In my DARK SHADOWS re-watch, I’m about to reach the Leviathans arc, which drags incessantly, hurts the fabric of the show, and introduces several unenjoyable characters, while causing viewers to become stressed out and angry. It’s the Trump Administration of DARK SHADOWS. Thankfully, it also comes to an end.
All political snark aside, the Leviathans arc isn’t as terrible as it’s made out to be. Seeing a 1970 soap opera tackle H.P. Lovecraft is really quite astonishing, given that the genre was designed to sell laundry soap to bored housewives. It’s kind of like writing a Charlie Brown holiday movie involving Charles Manson. It’s not normally done. Plus, the storyline brought Christopher Pennock onto the show, and he turned out to be one of DARK SHADOWS’ greatest assets. It also finally introduced Paul Stoddard after years of the show merely discussing him in the past tense.
But good god, it drags. It’s around a hundred episodes long, yet it seems like three hundred. The characters of Philip and Megan Todd are incredibly dull. The entire cast acting out of character due to possession starts off fun and creepy but soon gets old. And the fact that the show never actually shows us a Leviathan (because Dan Curtis barely had enough budget to buy the cast a bottle of soda, let alone create a giant hellish serpent creature) meant that in the end, the entire thing was anticlimactic.

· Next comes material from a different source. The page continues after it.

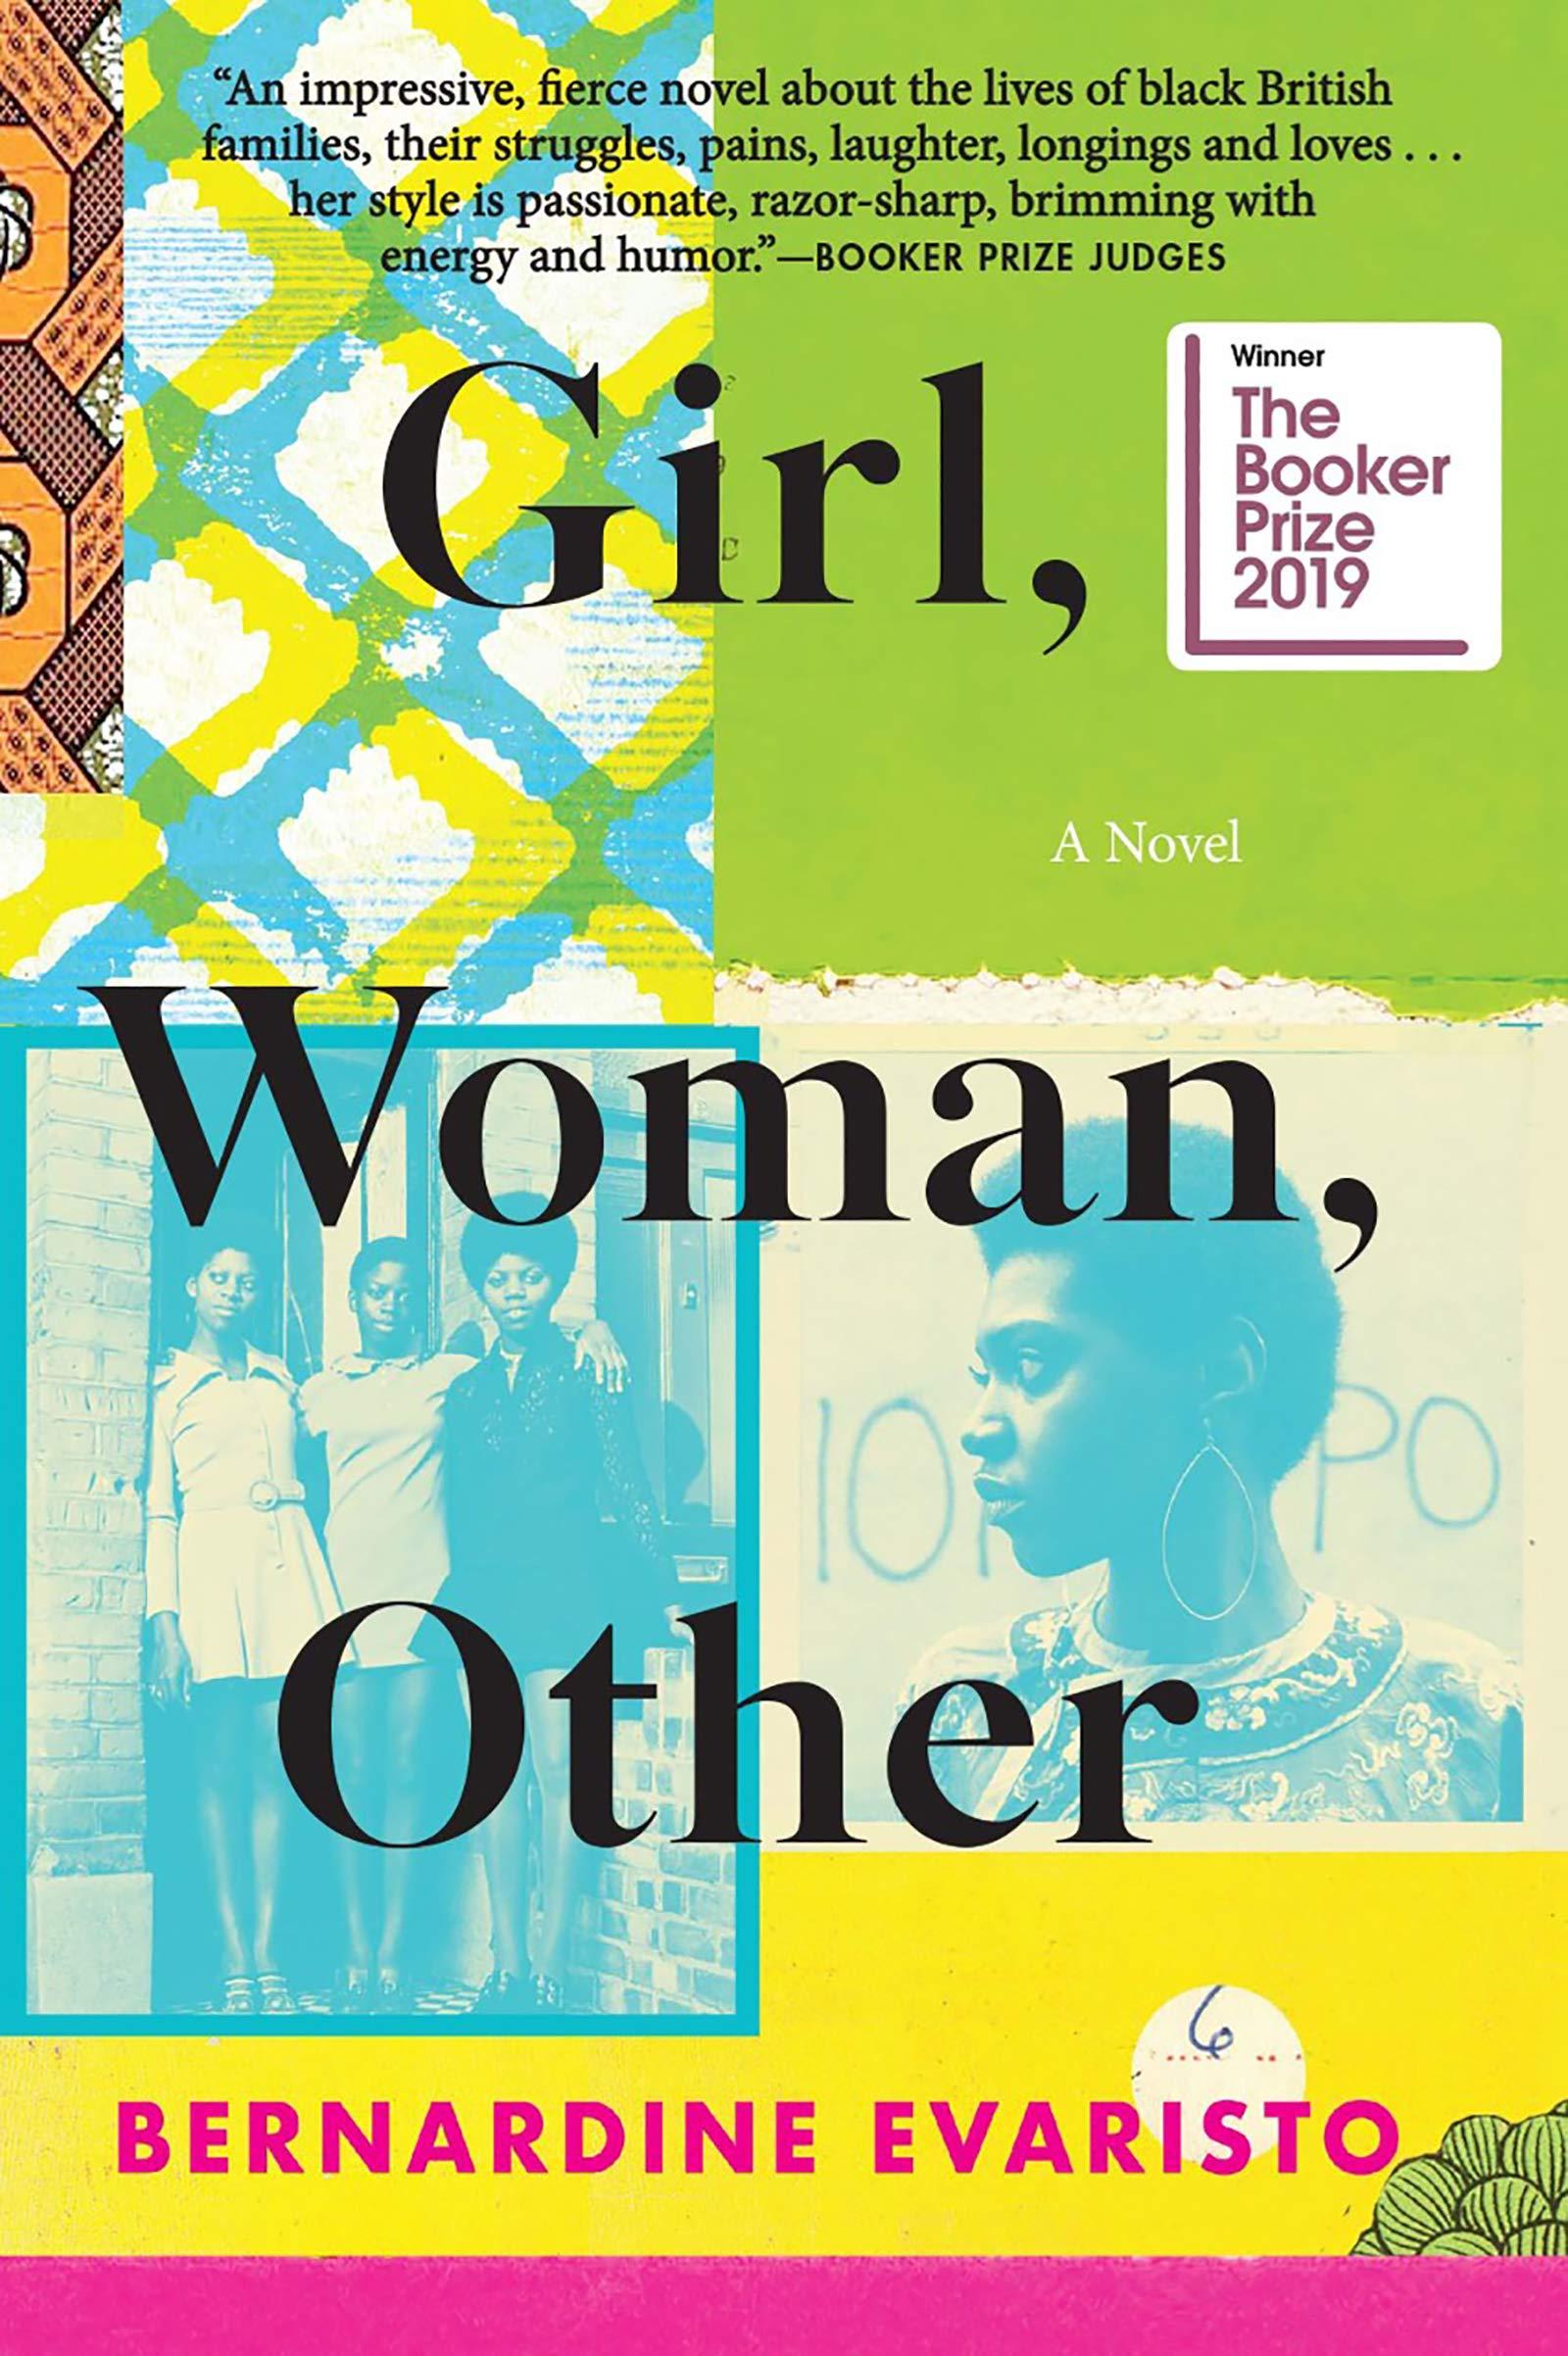 Amazon.com: Girl, Woman, Other: A Novel (Booker Prize Winner)  (9780802156983): Evaristo, Bernardine: Books

The biggest issue is simply that the Leviathans story takes forever to get where it’s going. The pacing is glacial–and mind you, we’re talking about a soap opera, a type of show on which glacial is actually pretty fast. A good soap opera can make a murder last for 12 episodes and a fight over breakfast cereals span two weeks. Had the Leviathans arc run for half its length, it might have turned out to be a strong one, because there is value to it. Still, hats off to Curtis for daring to bring Lovecraftian entities to housewives in 1970… even if they remained off-camera the entire time.